Cailian Press, April 9 – Trump's tariff policies have caused sharp volatility in global risk assets, dealing a blow to both A-shares and Hong Kong stocks. It was at such a critical timing that a package of market stabilizing measures were introduced.
The strategy is clear: the state ministries and commissions took joint actions with firm support from all types of market institutions. They worked together to buy into A-share market and show a strong signal of confidence in China's economy, China's assets, and the investment value of A-shares.
The Chinese version of market stabilization fund, led by Central Huijin, has undoubtedly lifted market sentiment by decisively increasing its holdings in A-shares.
People's Bank of China (PBoC), the social security fund, State-owned Assets Supervision and Administration Commission of the State Council (SASAC) and local state-owned entities have also vowed to maintain market stability. China Chengtong, China Reform, China Electronics Technology, and PetroChina have all announced plans to increase their shareholdings. The market sees it as a proactive, swift and effective collaboration between the authorities, the financial firms, and the listed companies through a mix of policies to provide safety net to the market.
In just two trading days, the market made a sharp turn from tariff-derived panic sales to rational pricing, as is seen in the upturn in Mainland and HongKong shares and the quick release of a series of policies. From Central Huijin's call for action at the end of April 7 to the stabilization of the market on April 8, what happened in just over 20 hours? What is the pace of policy introduction? How was the market sentiment turned around? How do professional institutions view this market stabilizing action? Let's learn about immediate overview from the heads and chief executives of securities companies.

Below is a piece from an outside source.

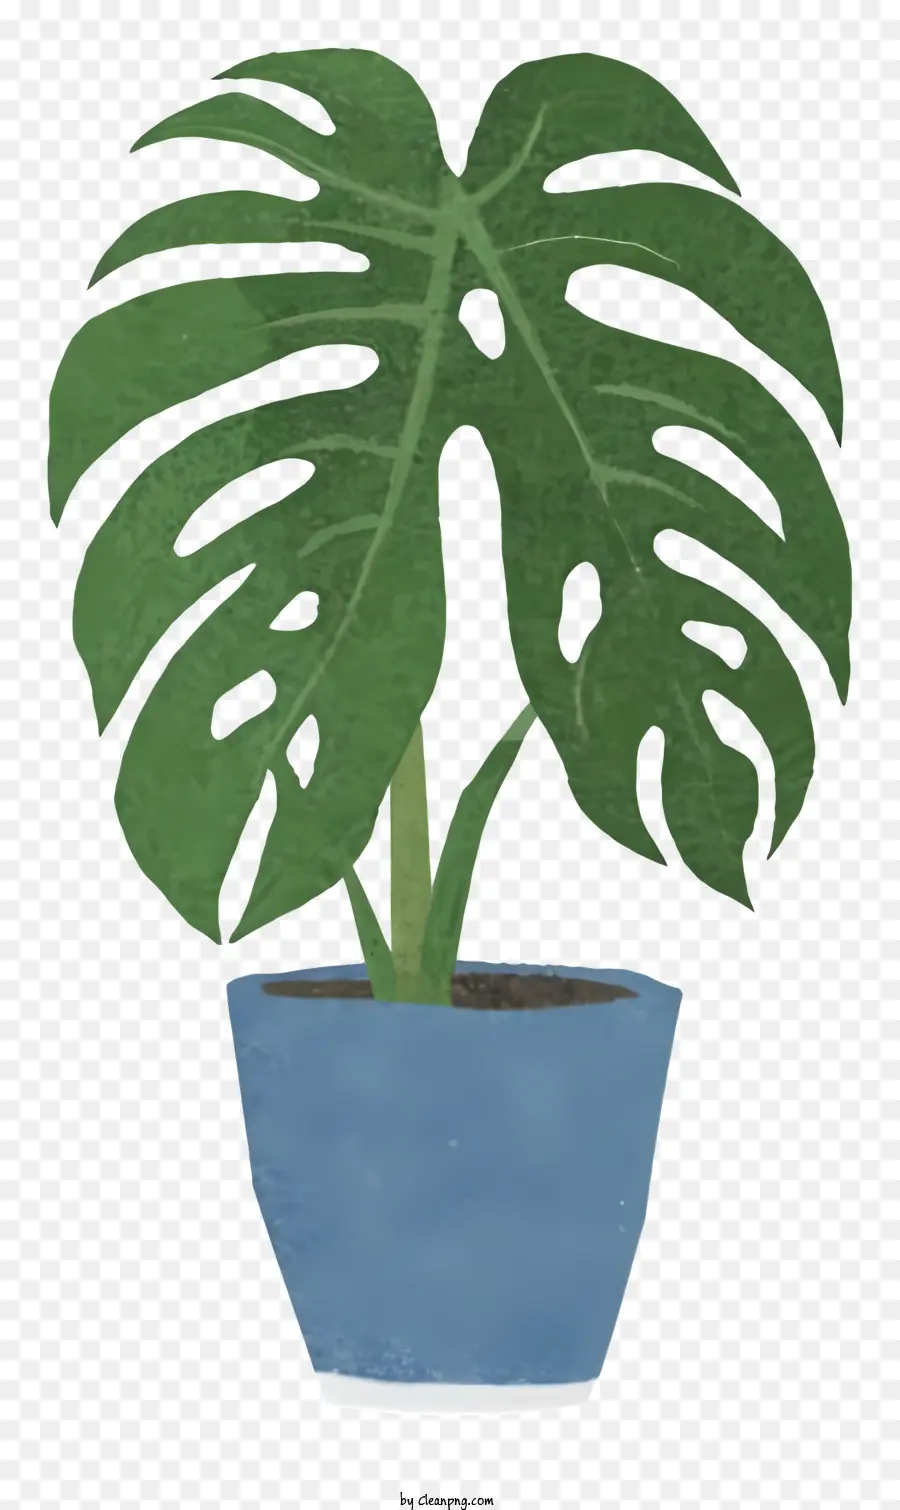 Großer blauer Topf Grüne Blattpflanze Leanpflanze ausbreiten Blätter blau getönter Topf - Großer blauer Topf mit grüner Blattpflanze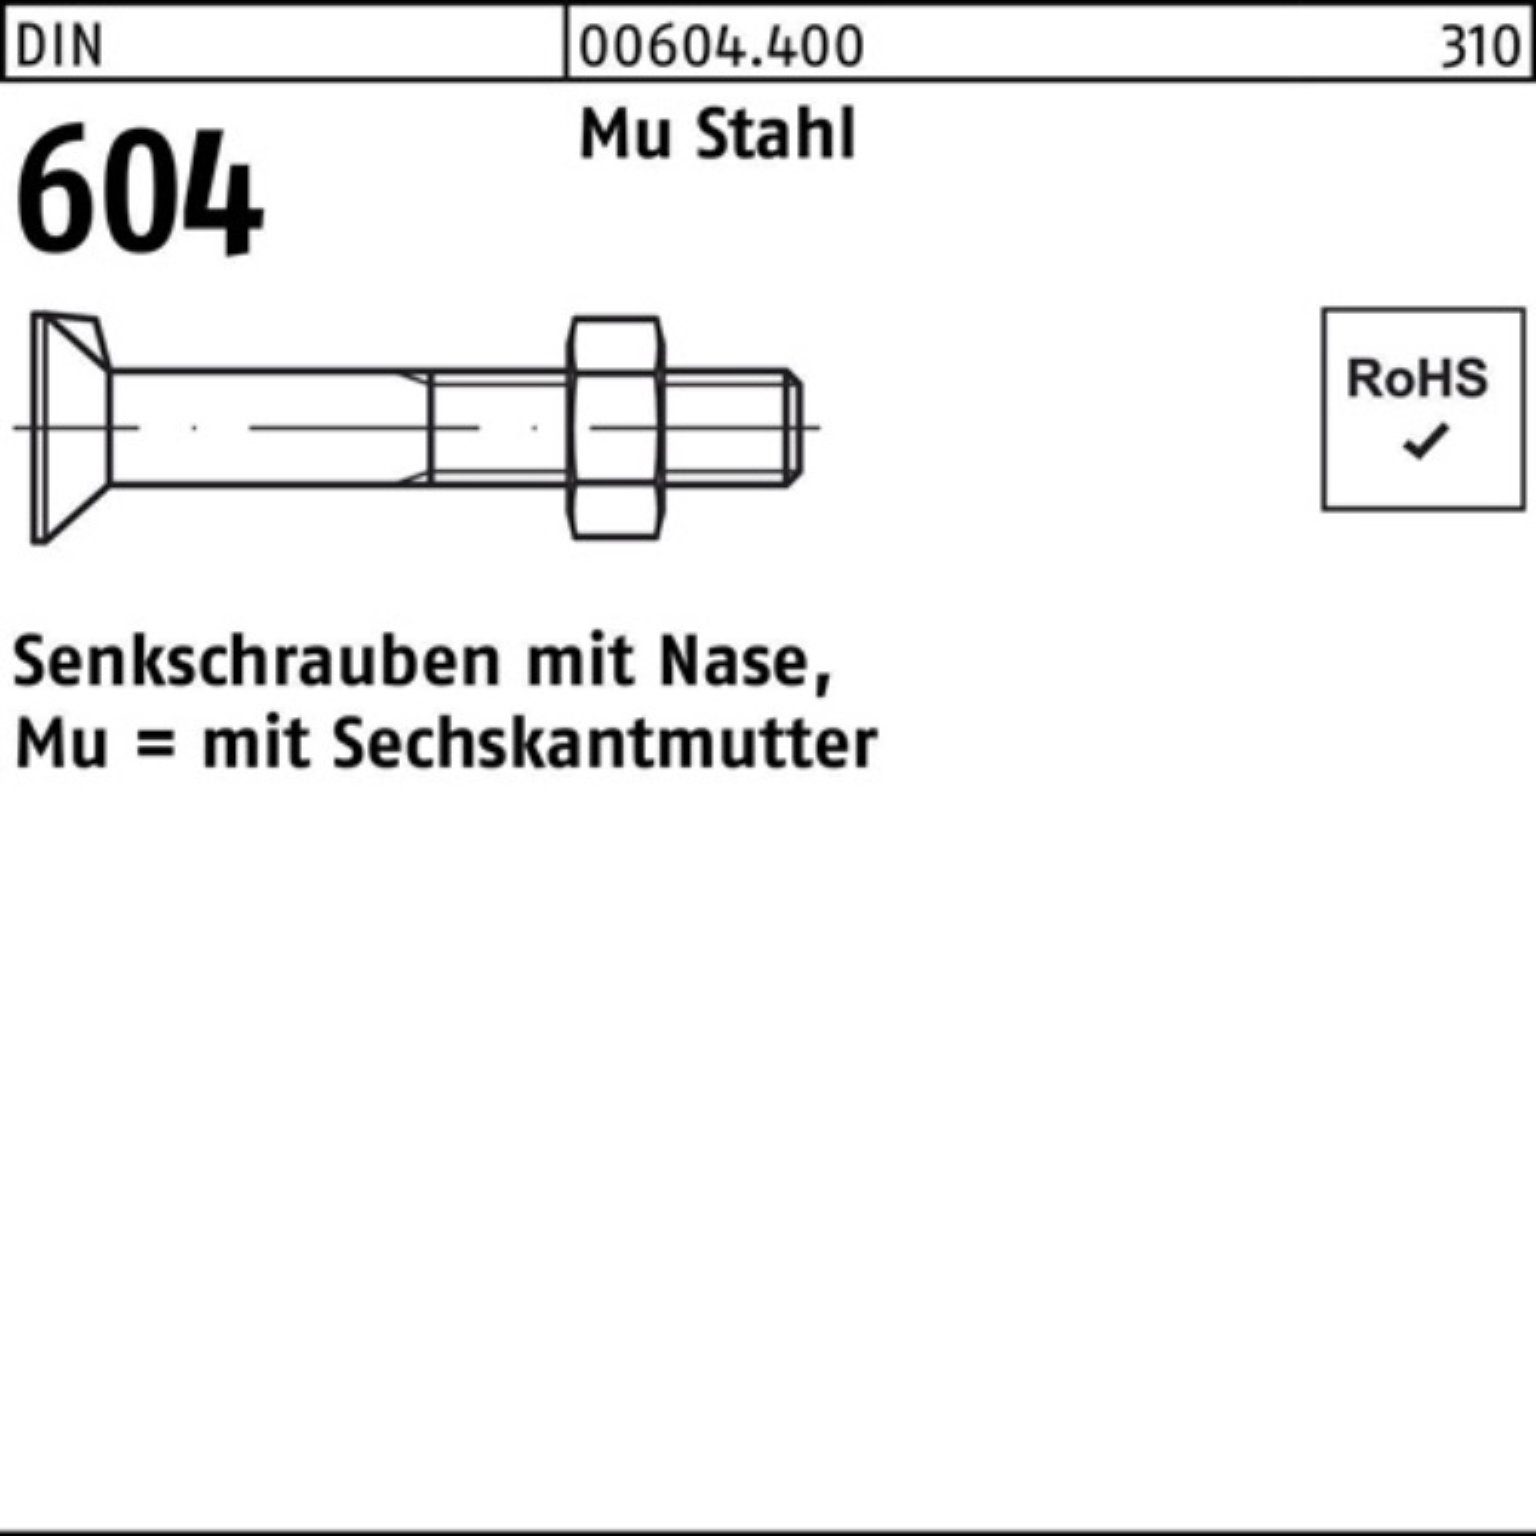 25 20 604 4.6 Nase/6-ktmutter Senkschraube M8x 200er DIN Mu Stahl Reyher Pack Senkschraube

Action 1: Joint action by the "national team", the PBoC, National Financial Regulatory Administration (NFRA) and the SASAC
Throughout the day on April 8, a great number of market stabilizing policies across ministries with wide participation at multiple levels were quickly released, with news coming out at a pace of almost every hour.
Starting from the early morning of the day, China Reform Holdings Corporation Ltd. announced that its subsidiary, China Reform Investment Co., Ltd., would increase its holdings by an initial amount of 80 billion yuan of central SOE stocks, high-tech and innovative stocks and ETFs, by means of PBoC special lending facility for stock buybacks and shareholding increase. At 6:30 a.m., China Reform released the above news again on its official WeChat account.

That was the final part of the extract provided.